### DATA BLOCK
= Beginning of Section =

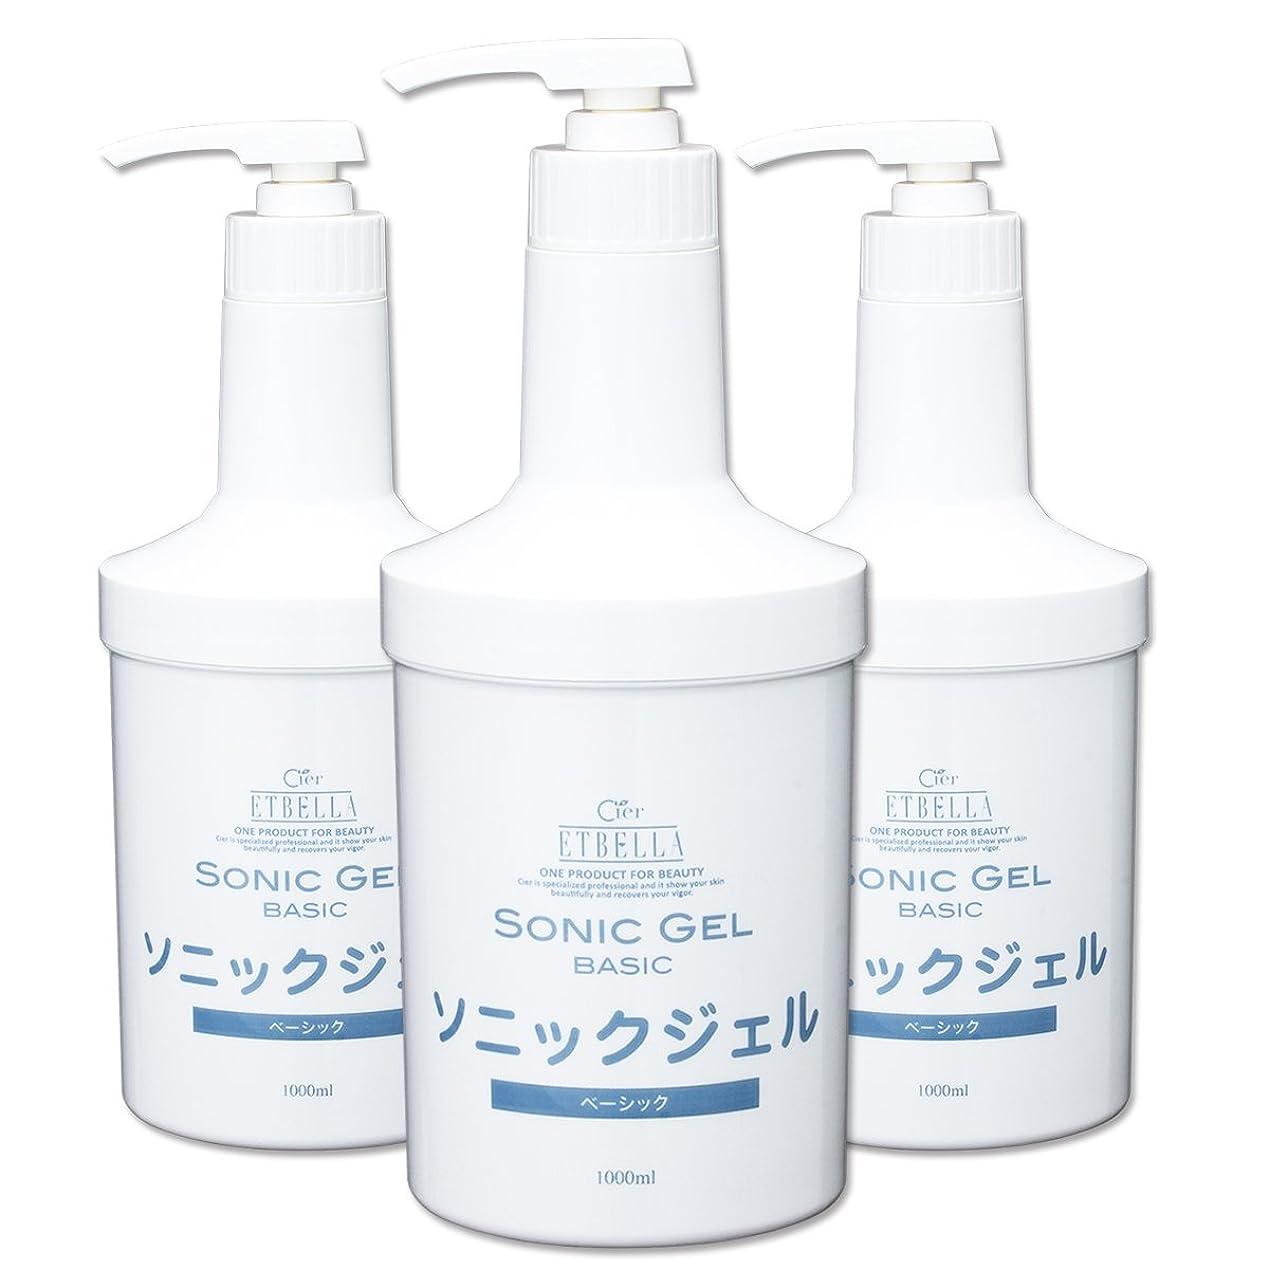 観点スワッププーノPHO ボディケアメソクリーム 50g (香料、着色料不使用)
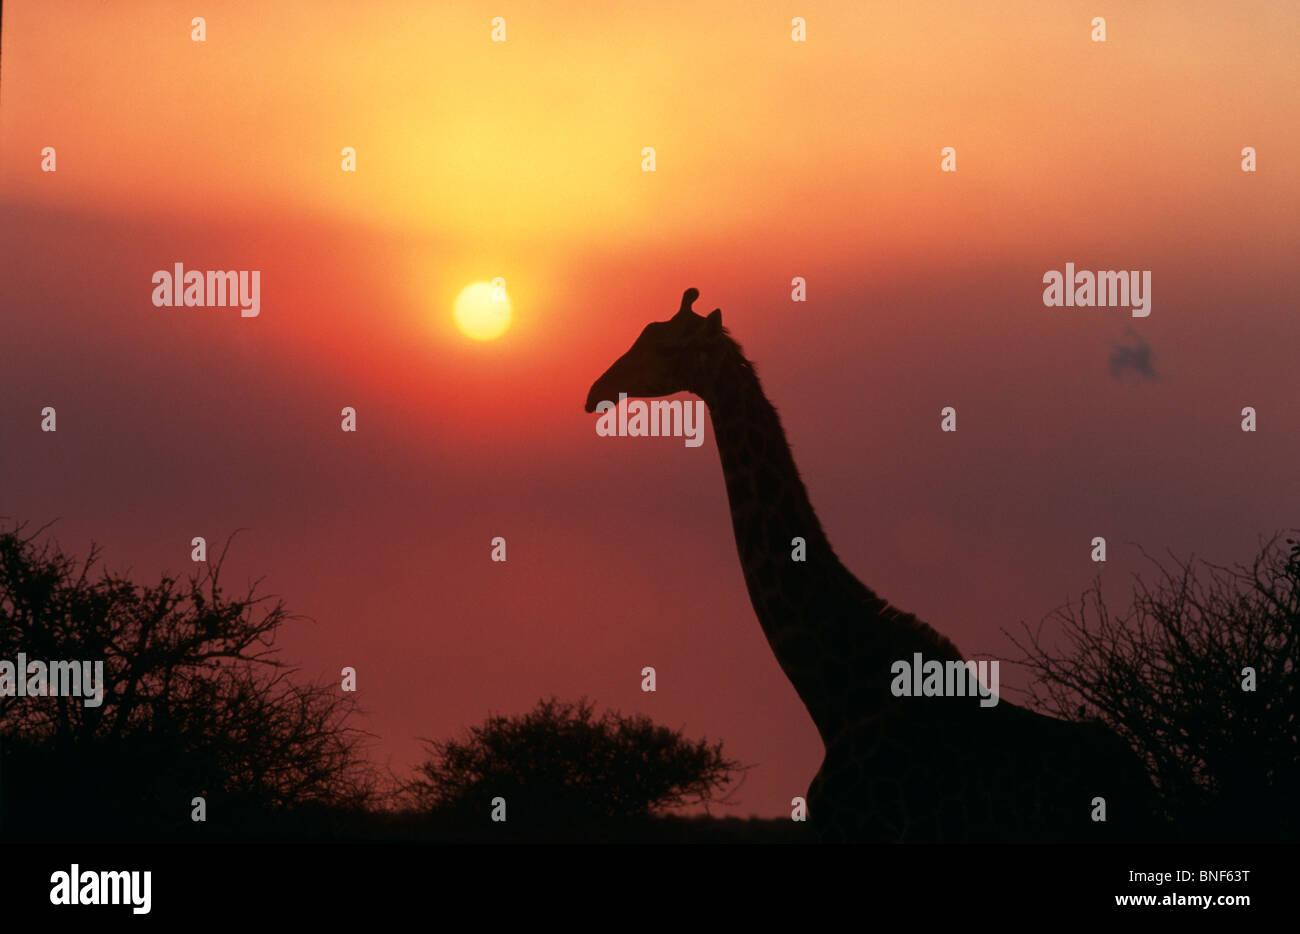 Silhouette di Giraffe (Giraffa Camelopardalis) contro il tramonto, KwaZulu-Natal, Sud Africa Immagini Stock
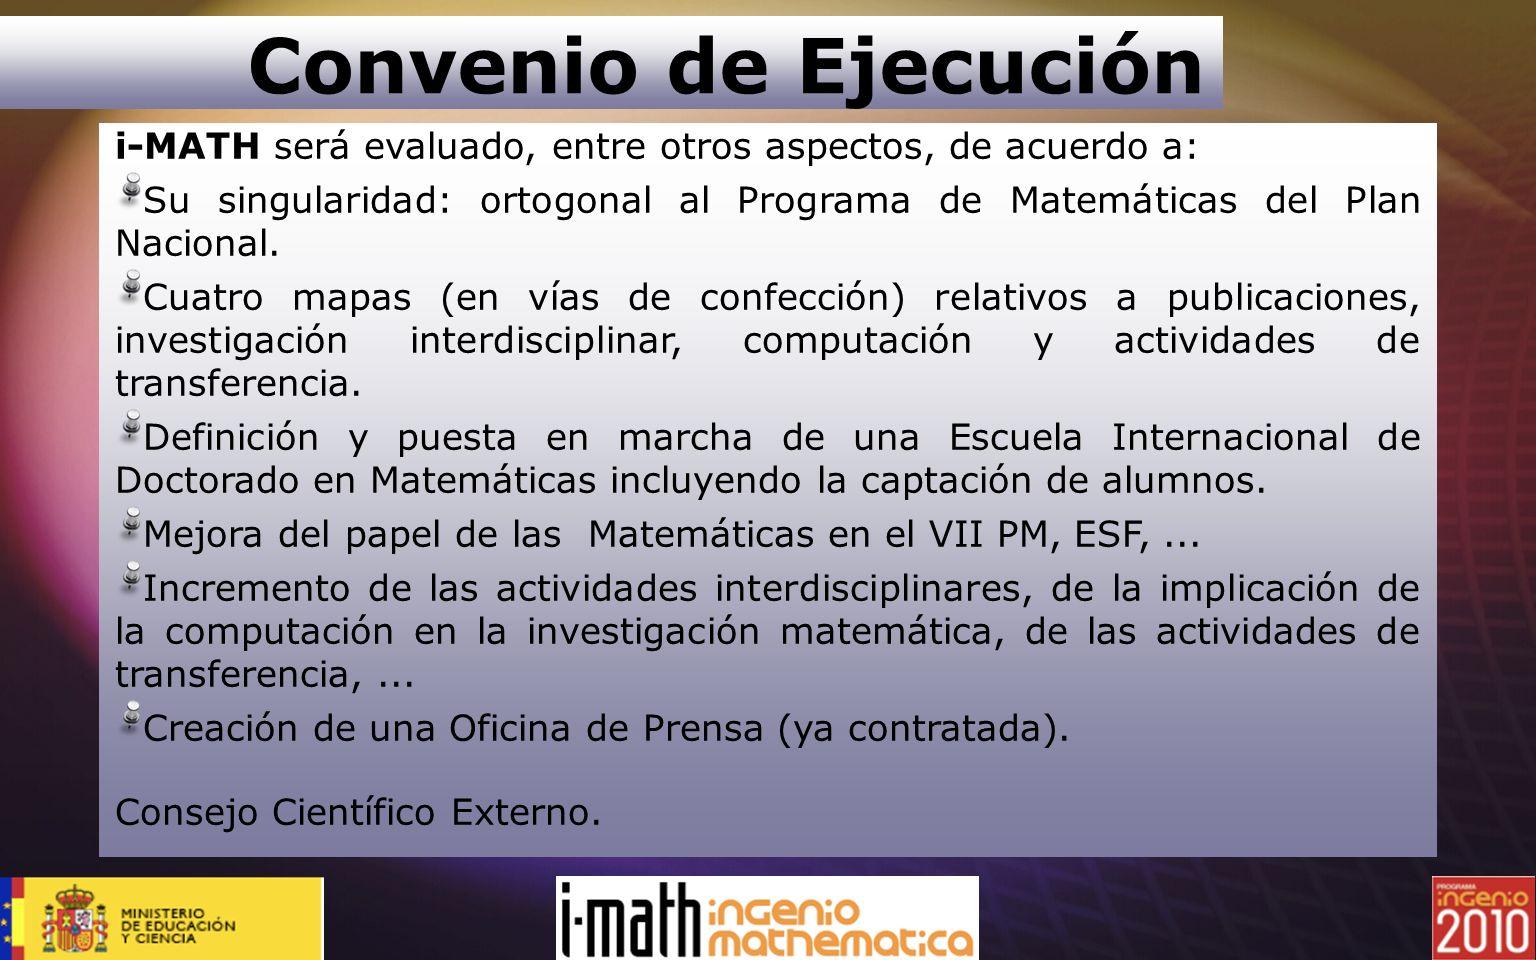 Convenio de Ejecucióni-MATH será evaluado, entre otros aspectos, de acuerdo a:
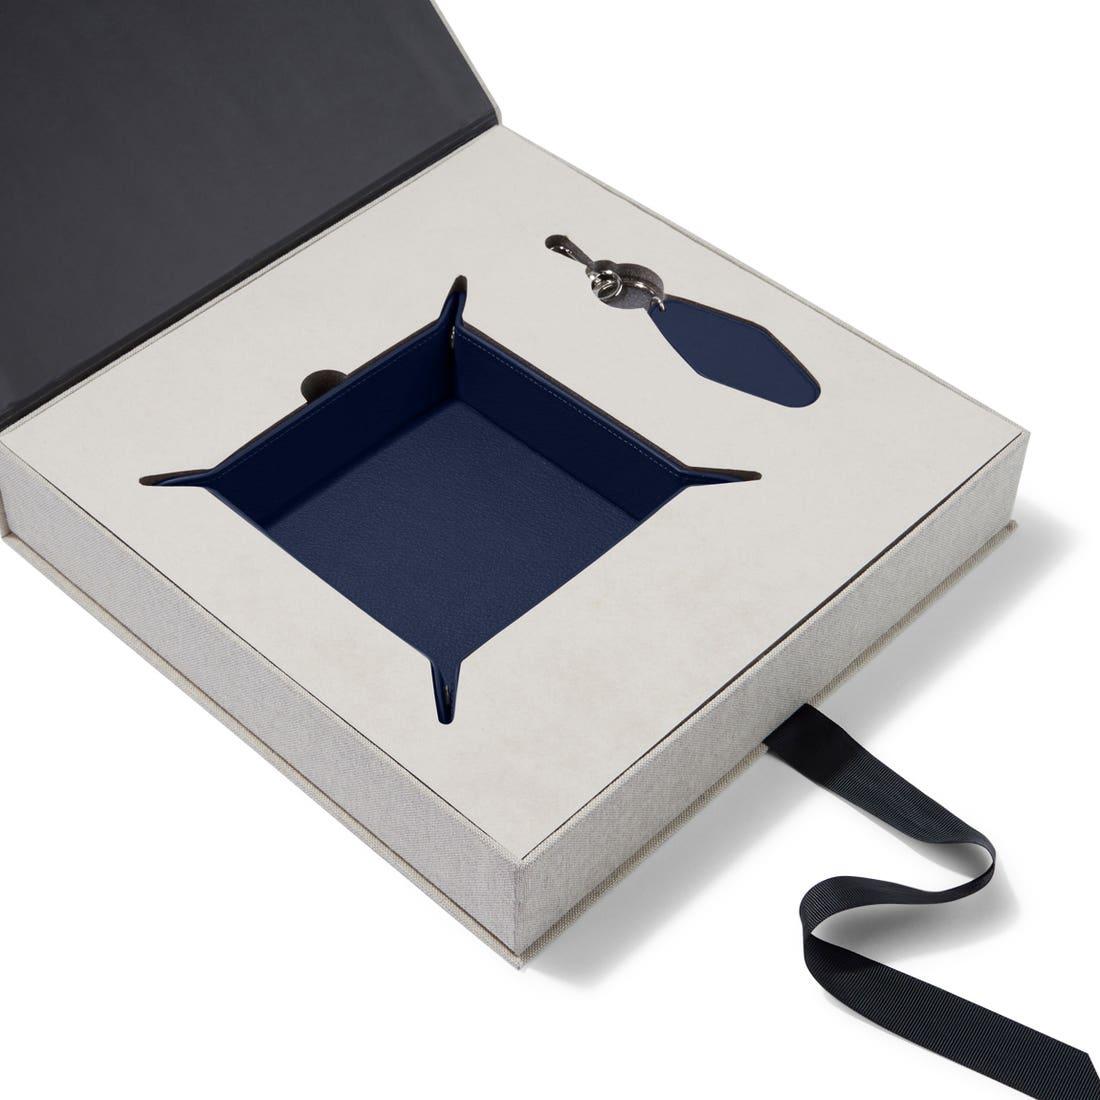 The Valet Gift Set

= End of Section =

### PROMPT
The answer must be an exact copy of the lines from the one with "Silhouette di Giraffe" through the final line above, both ends included, and nothing else; pictures stay out.

### OUTPUT FOR THIS TASK
 Silhouette di Giraffe (Giraffa Camelopardalis) contro il tramonto, KwaZulu-Natal, Sud Africa Immagini Stock
 Convenio de Ejecucióni-MATH será evaluado, entre otros aspectos, de acuerdo a:
 The Valet Gift Set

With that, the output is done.